_TASK TO CARRY OUT_: Exactly the lines below, starting with the one containing "tp-link A2600 アップデート、動作確認済" and going on through the one containing "Trofeo de Golf", must be reproduced, both ends included, and no pictures with them.

_EXERCISE INPUT_:

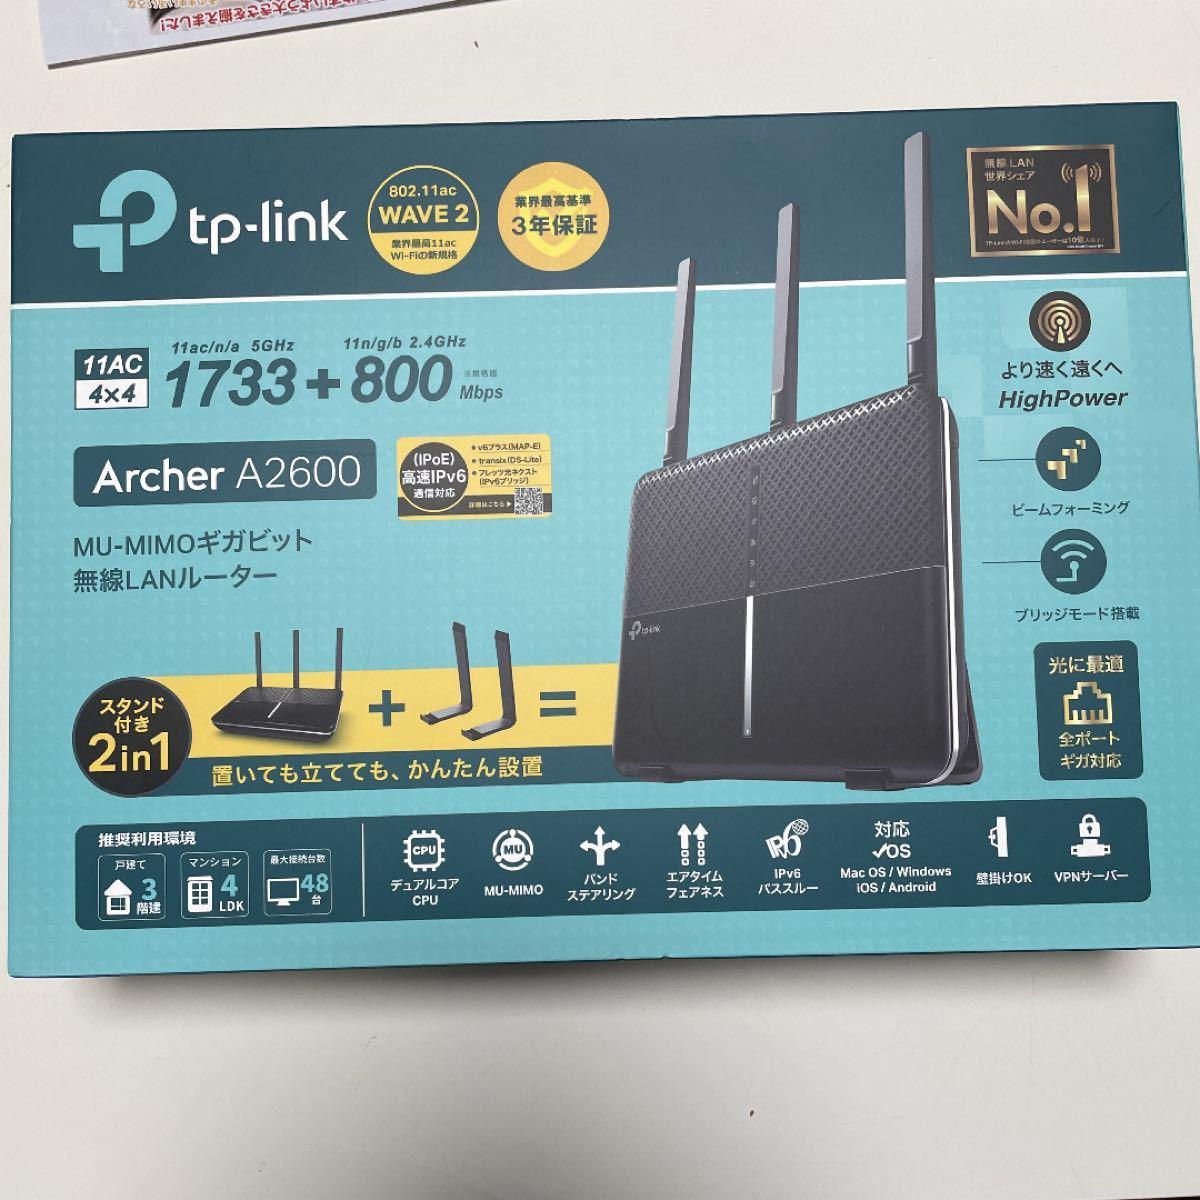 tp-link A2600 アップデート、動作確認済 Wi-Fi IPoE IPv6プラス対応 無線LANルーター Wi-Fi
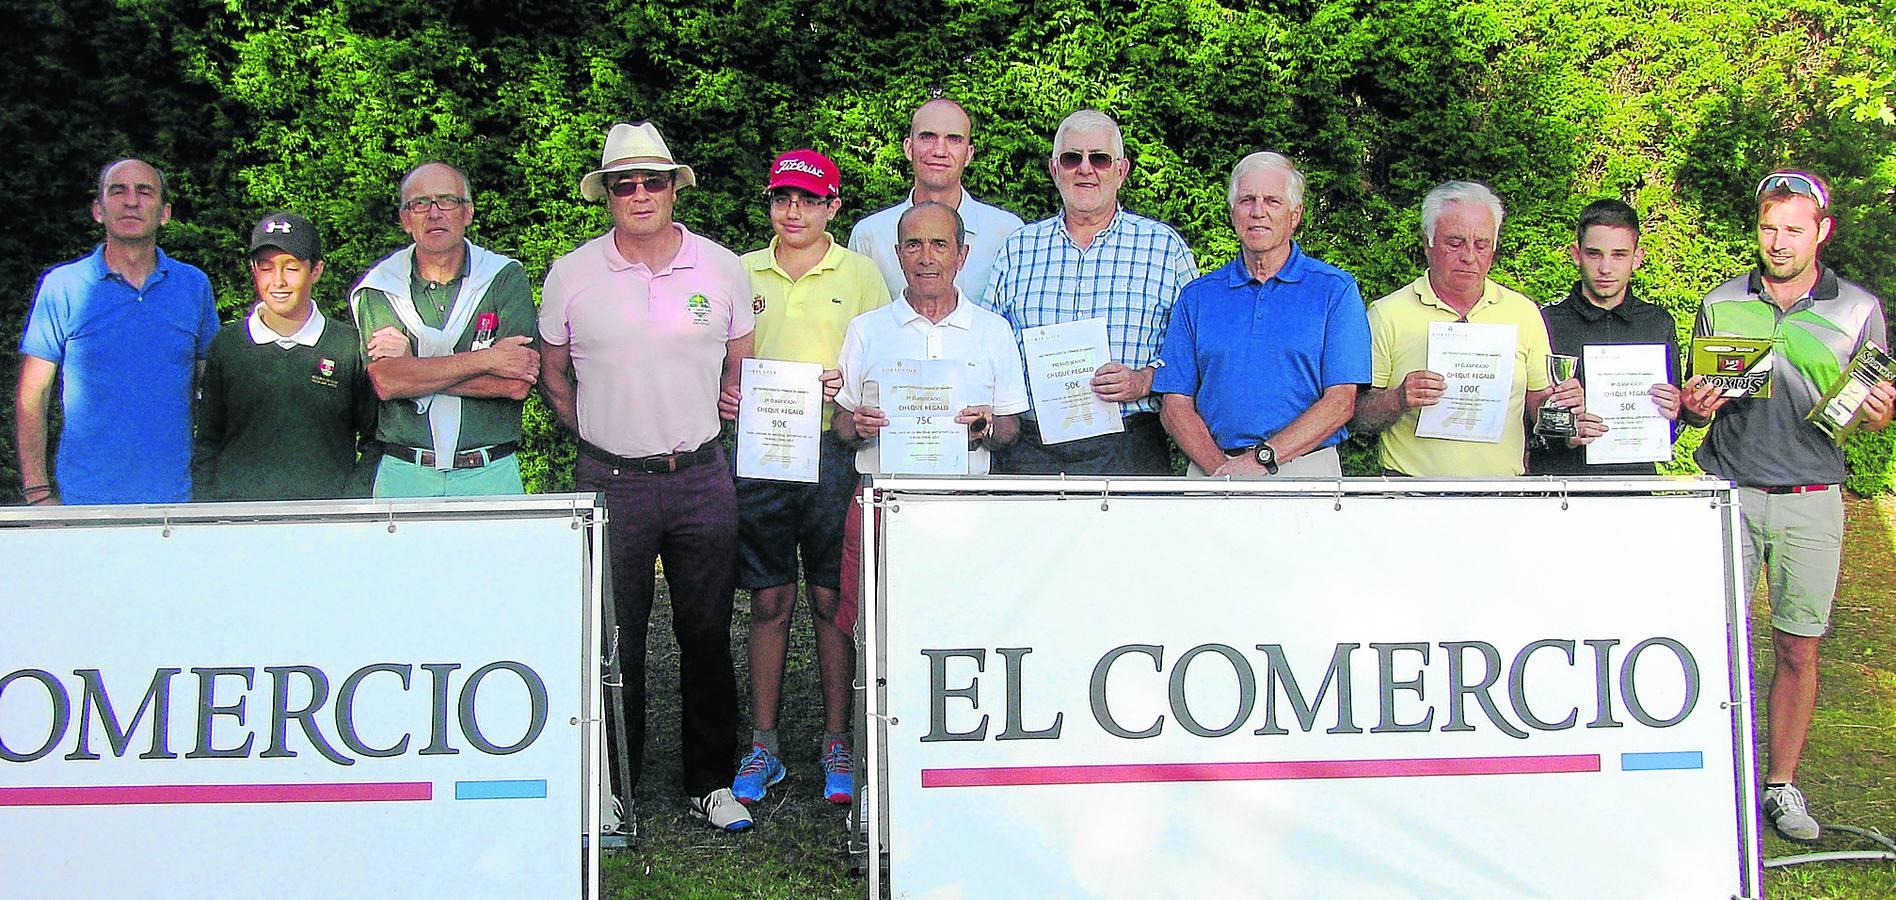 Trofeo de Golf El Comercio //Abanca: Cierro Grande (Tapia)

==

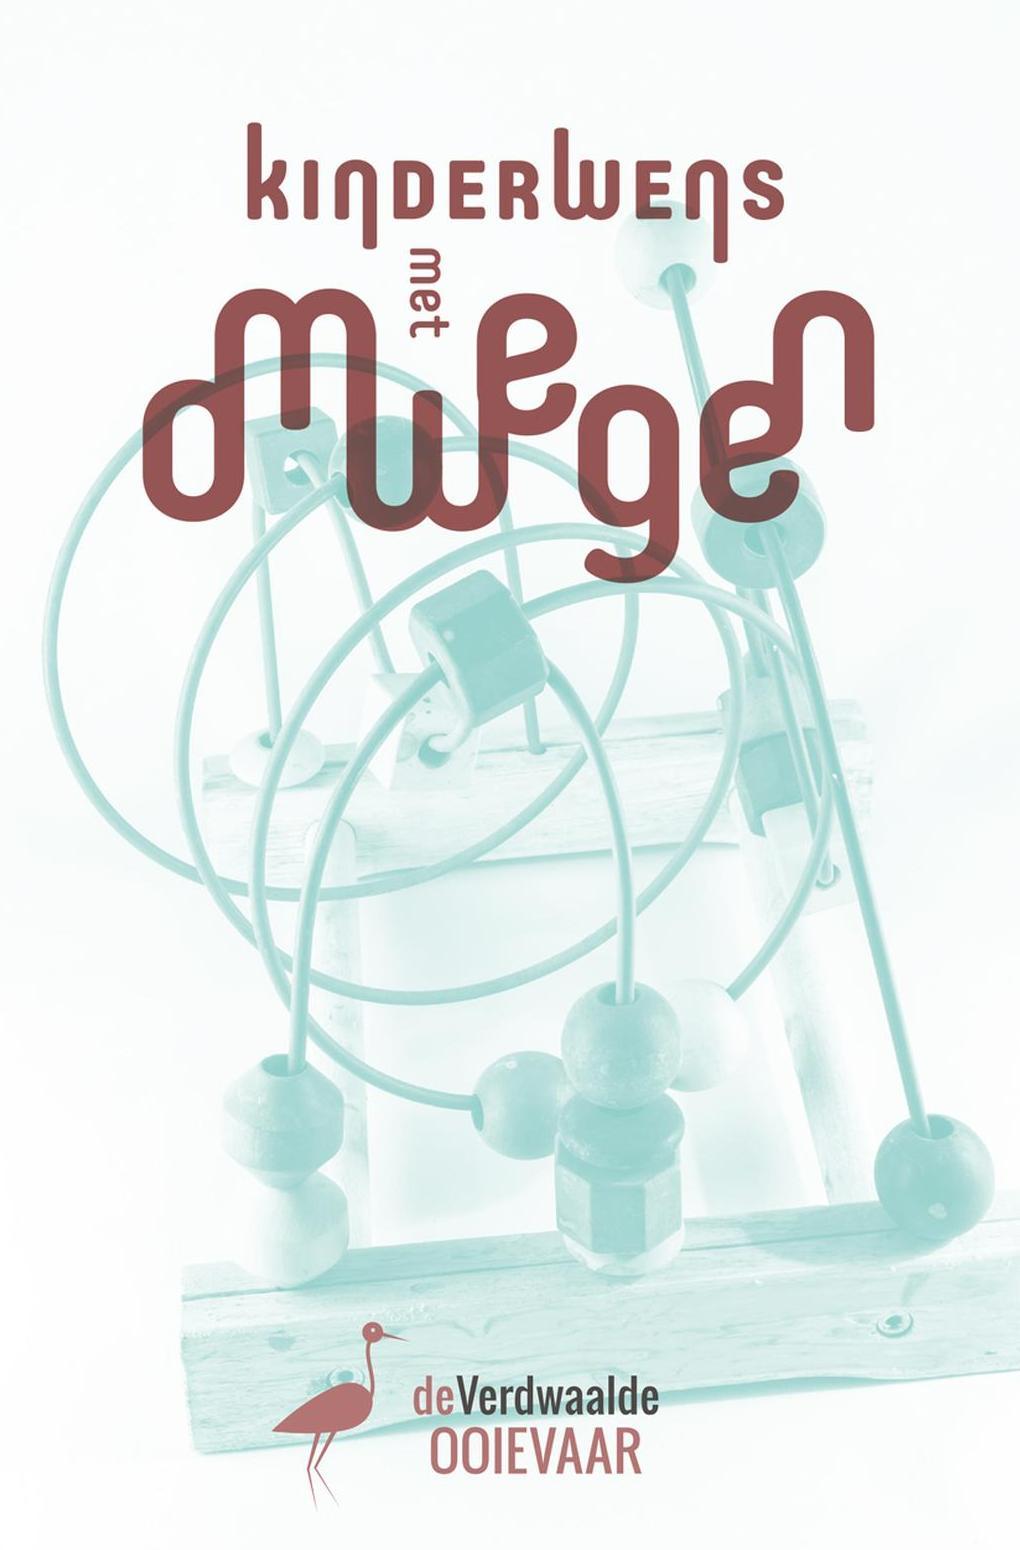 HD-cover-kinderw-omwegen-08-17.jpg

_EXPECTED ANSWER_:
 tp-link A2600 アップデート、動作確認済 Wi-Fi IPoE IPv6プラス対応 無線LANルーター Wi-Fi
 Trofeo de Golf El Comercio //Abanca: Cierro Grande (Tapia)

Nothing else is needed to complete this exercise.